__What is being asked__. Find "Unter den zahlreichen Nobelherbergen" in the material, then return exactly the line containing it and all lines after it to the end, leaving out pictures.

__Data shown__.
----------------
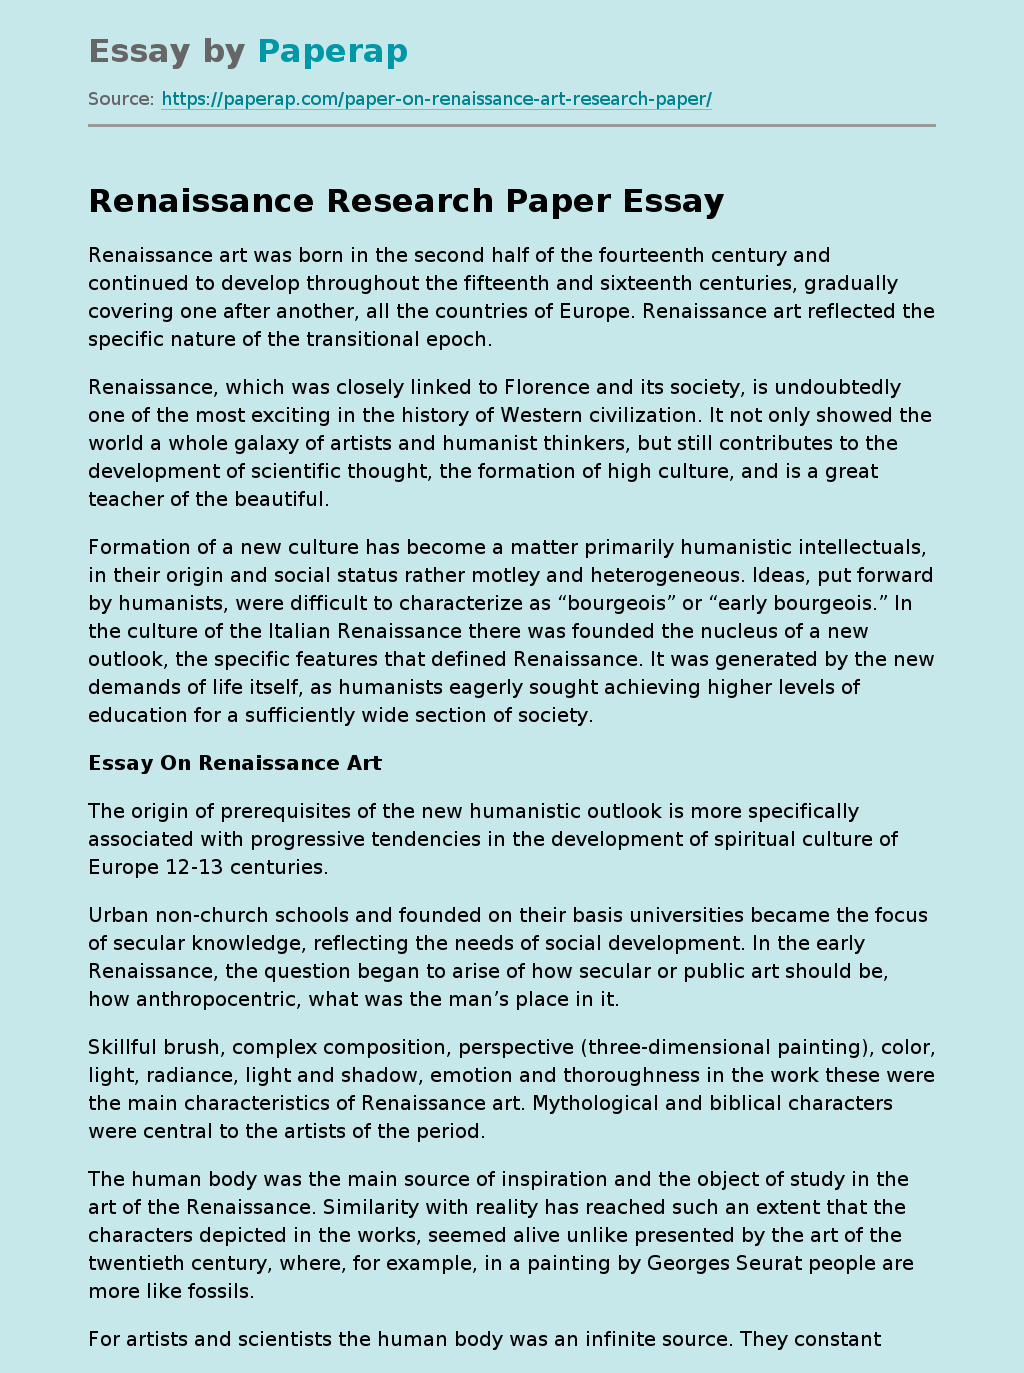 Renaissance Research Paper
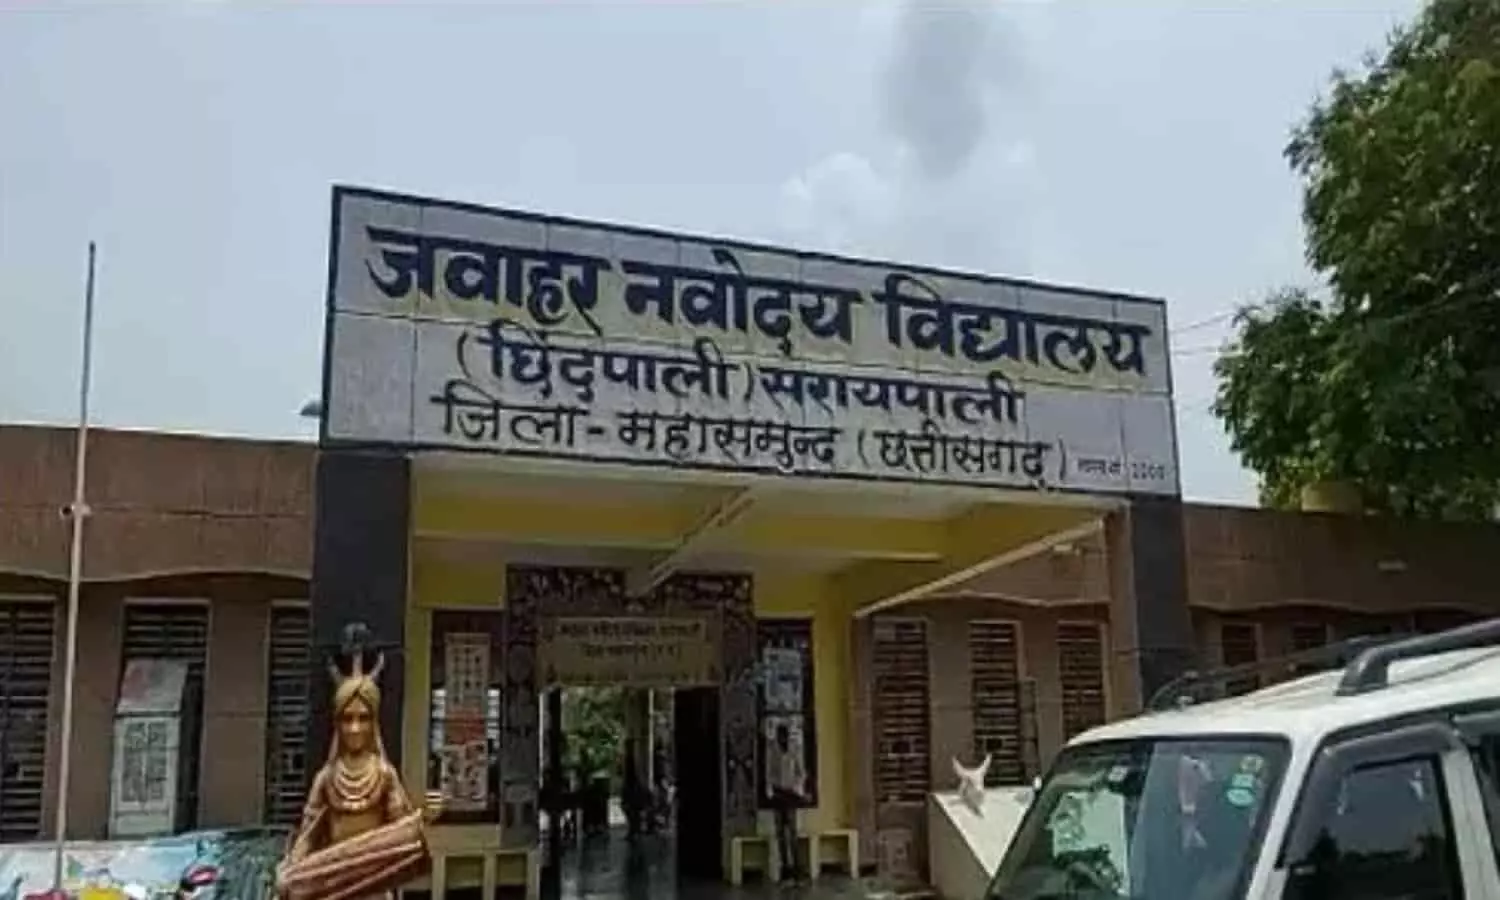 Chhattisgarh Corona News: छत्तीसगढ़ के जवाहर नवोदय विद्यालय में कोरोना विस्फोट,  56 बच्चे मिले संक्रमित, स्कूल बंद करने के निर्देश
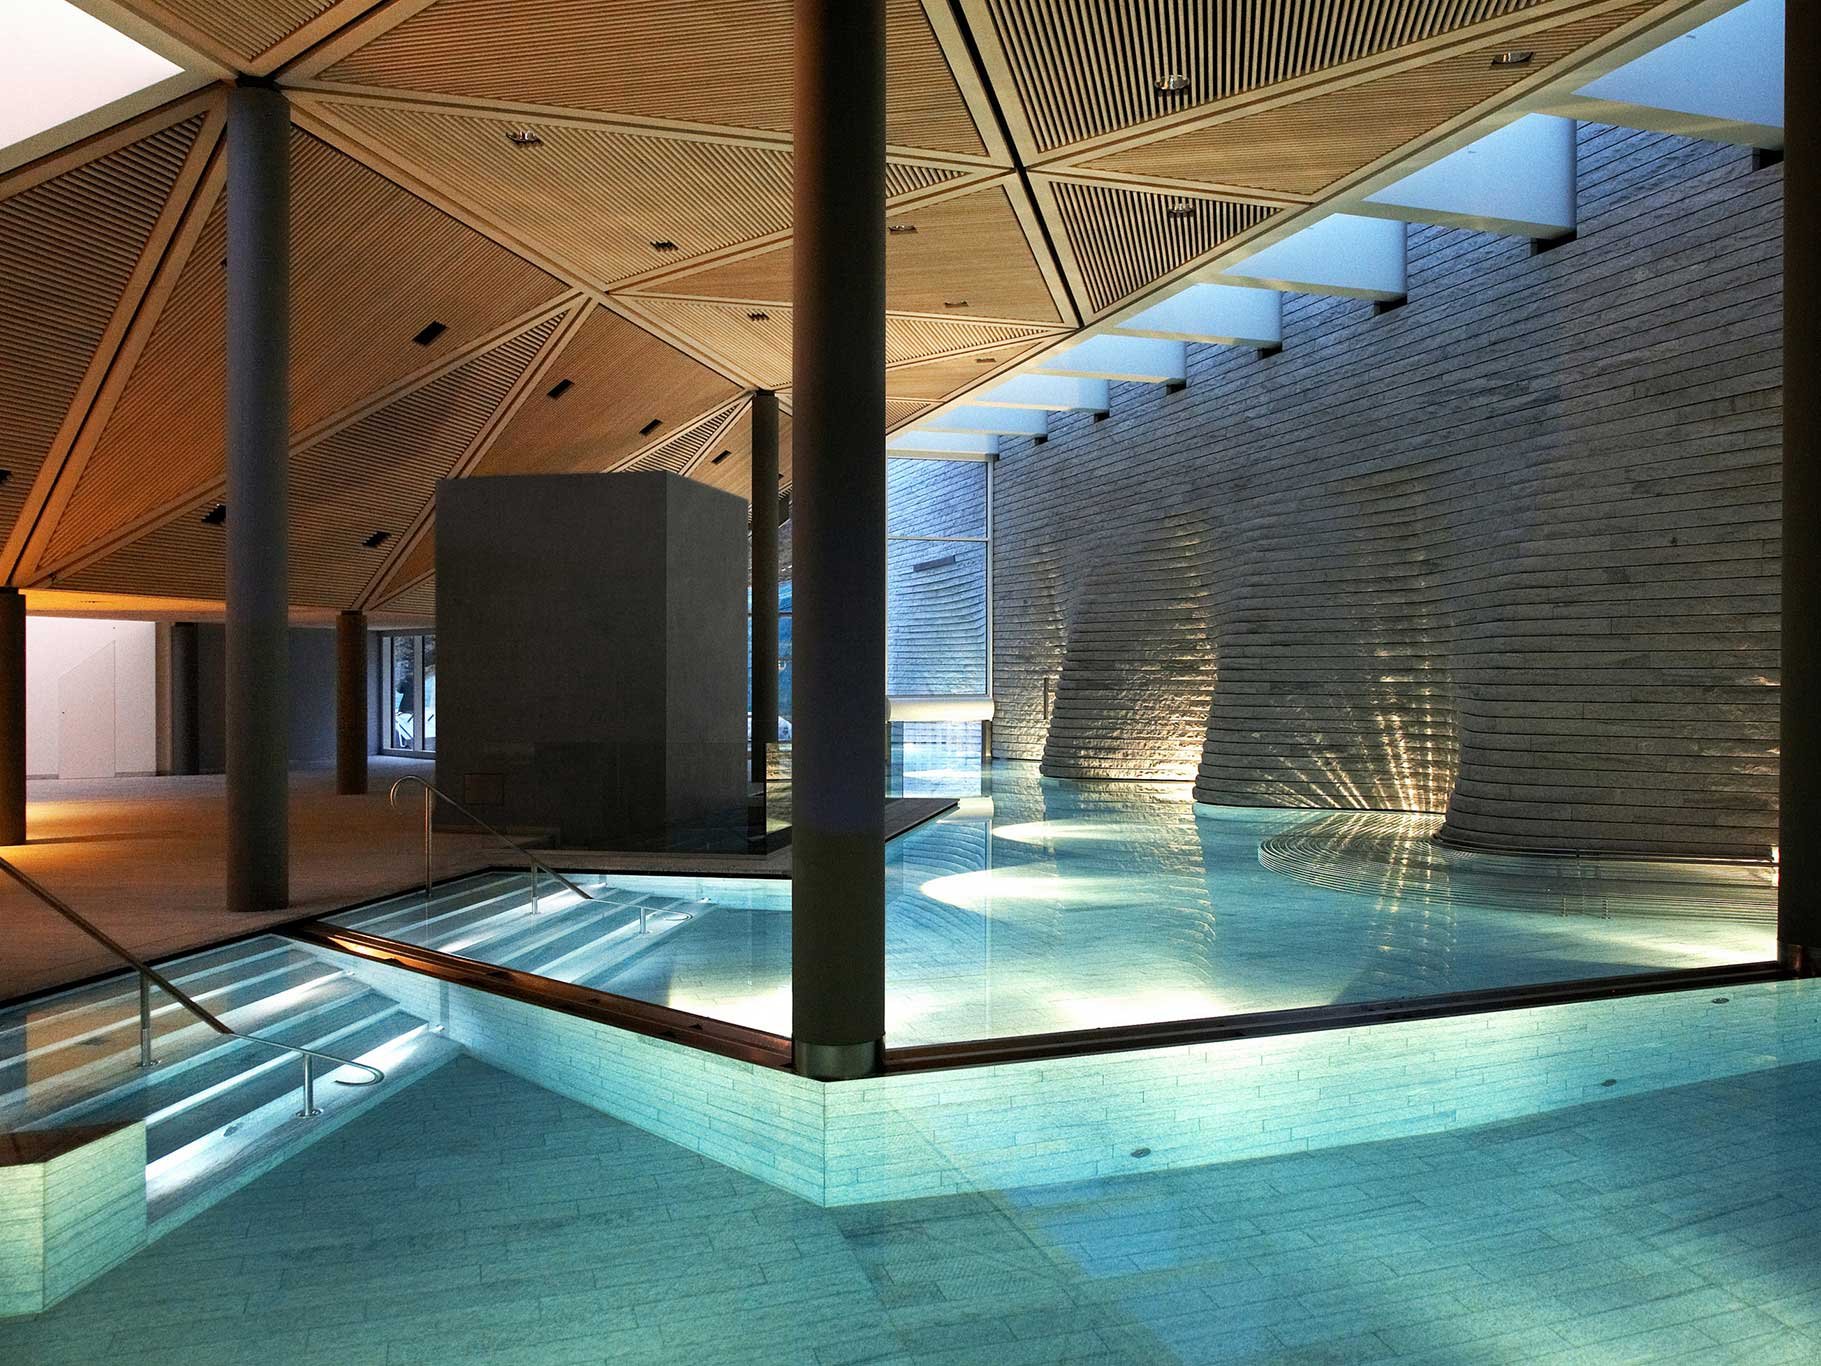 Unter den zahlreichen Nobelherbergen im Schweizer Hochgebirge ist diese eine der allerwinterlichsten – von den kristallinen Glastürmen des von Architekt Mario Botta entworfenen 5000-Quadratmeter-Spas bis zur hoteleigenen Bergbahn. tschuggen.ch
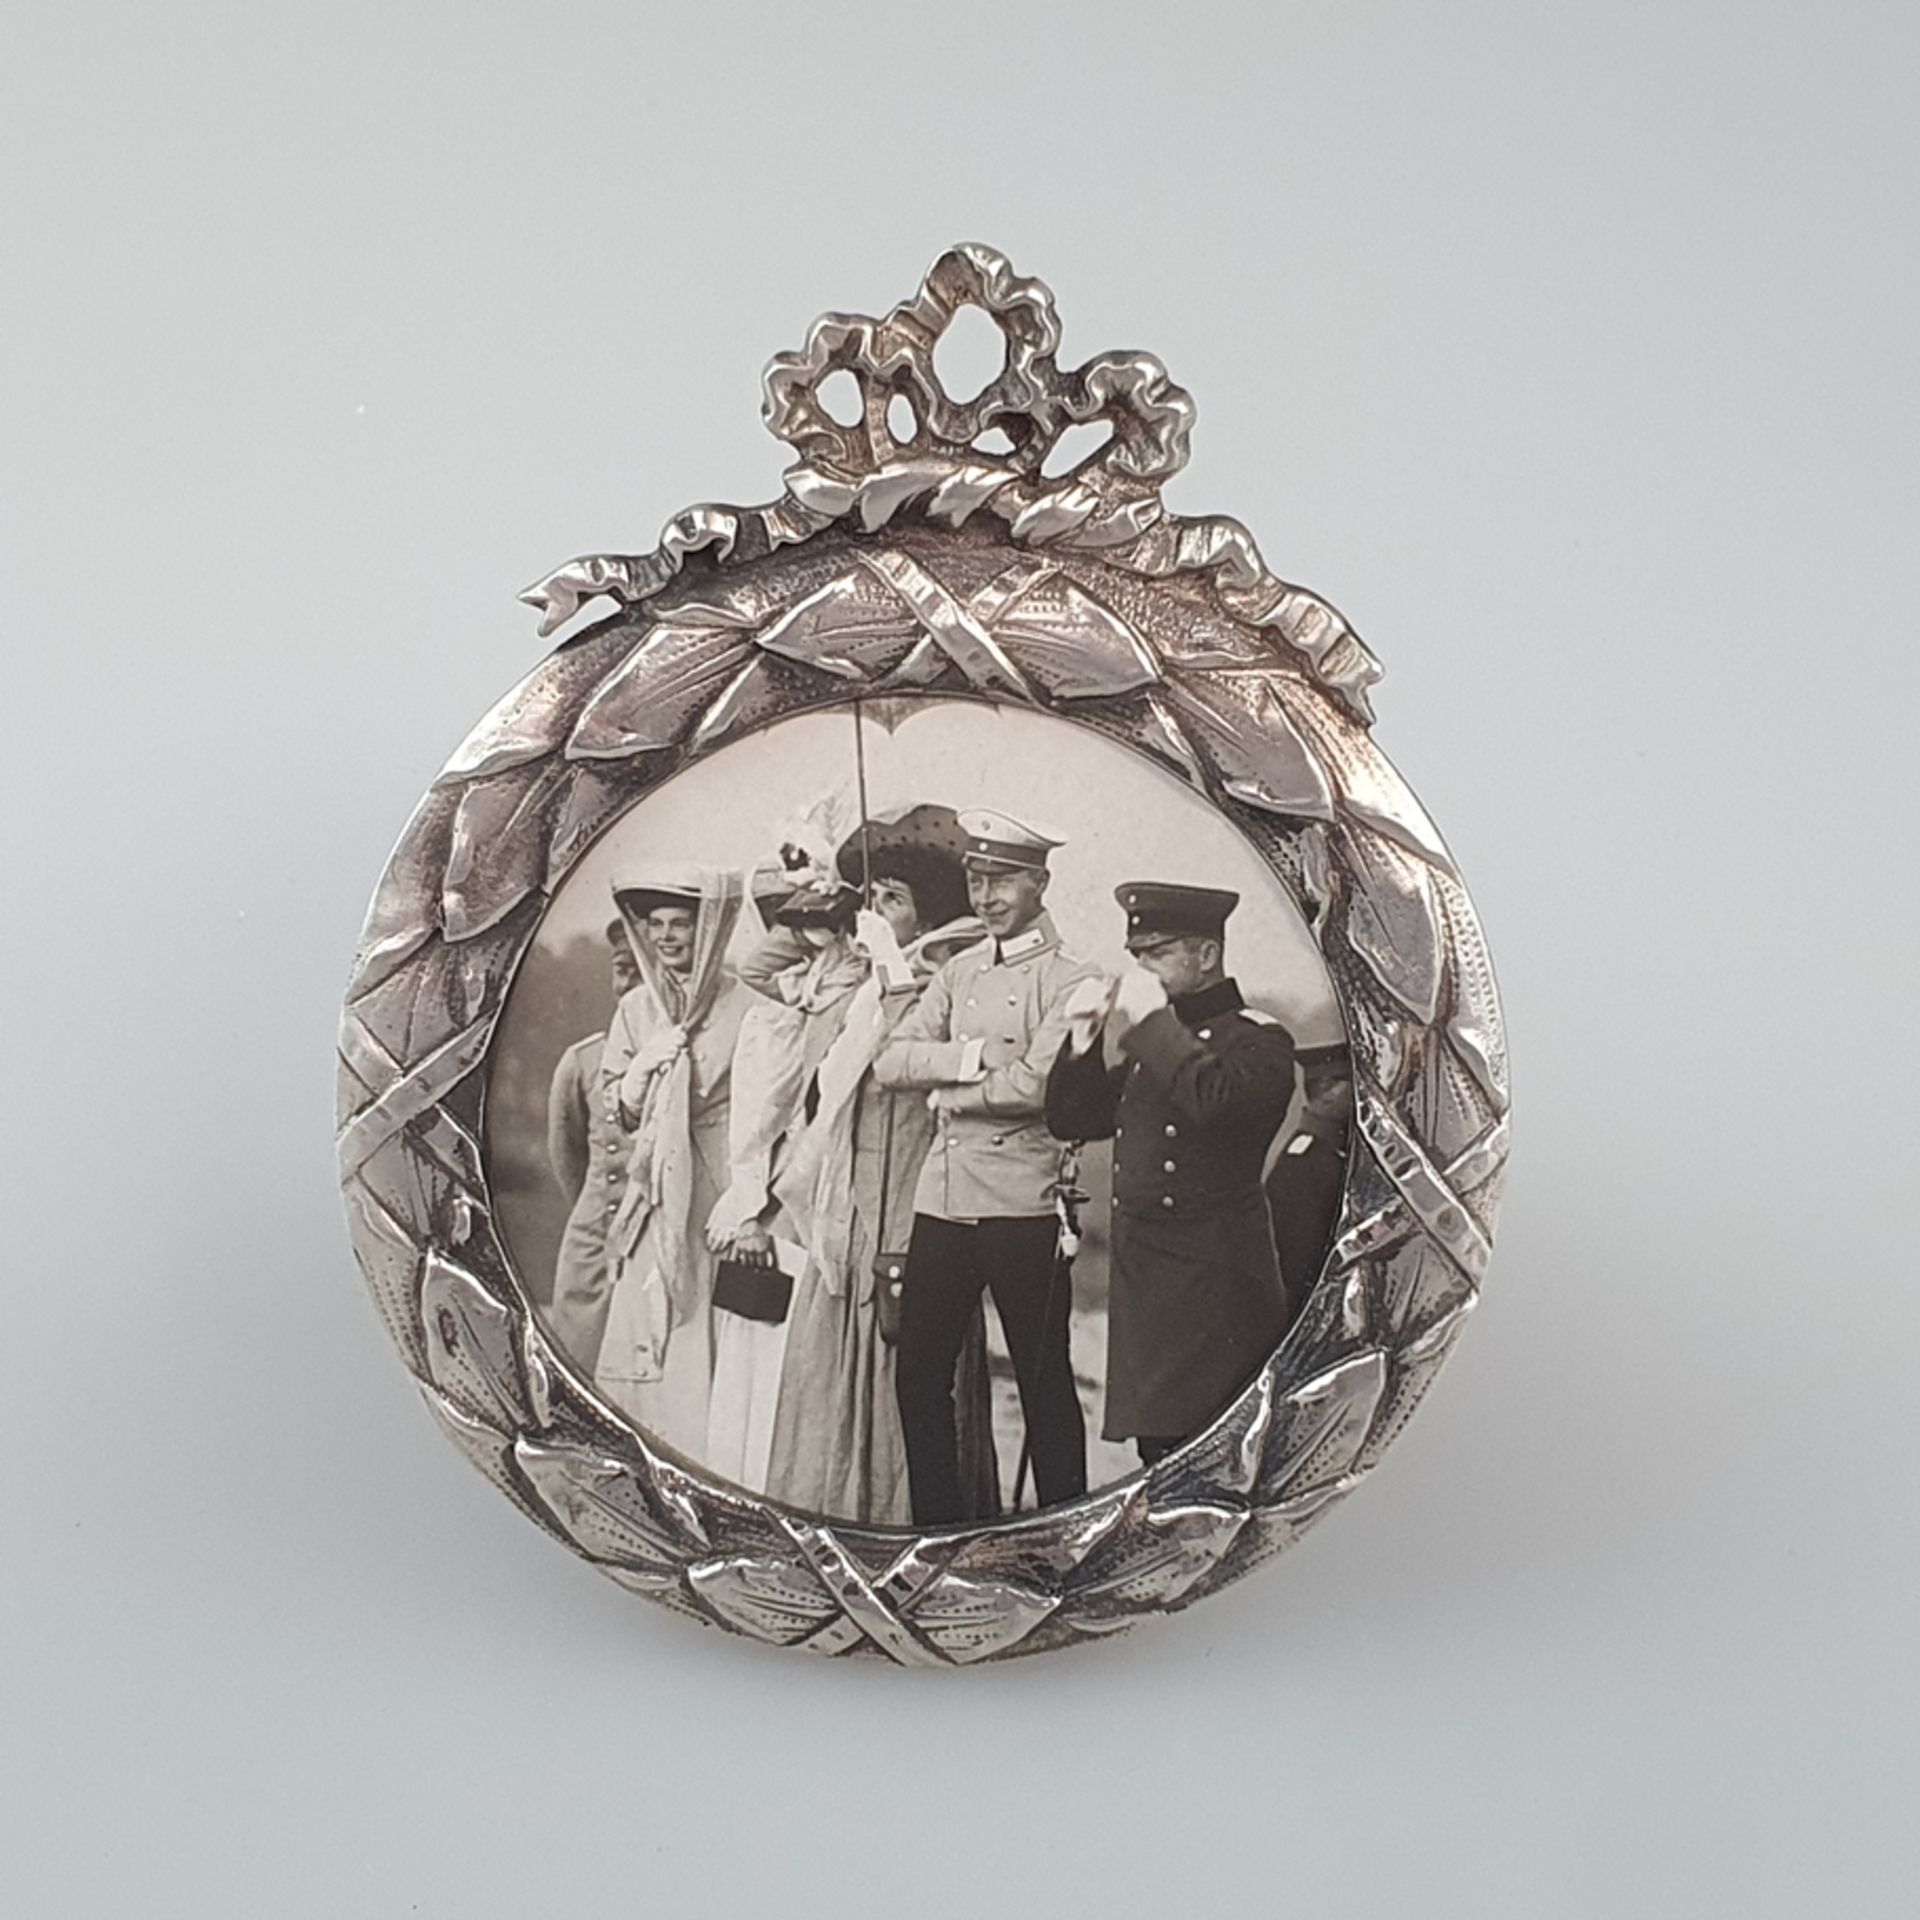 Miniatur-Standrahmen aus Silber - deutsch, nach 1900, Tondo mit Lorbeerfeston als Rahmenleiste, Bek
----------------
__Response area__.
 Unter den zahlreichen Nobelherbergen im Schweizer Hochgebirge ist diese eine der allerwinterlichsten – von den kristallinen Glastürmen des von Architekt Mario Botta entworfenen 5000-Quadratmeter-Spas bis zur hoteleigenen Bergbahn. tschuggen.ch
 Miniatur-Standrahmen aus Silber - deutsch, nach 1900, Tondo mit Lorbeerfeston als Rahmenleiste, Bek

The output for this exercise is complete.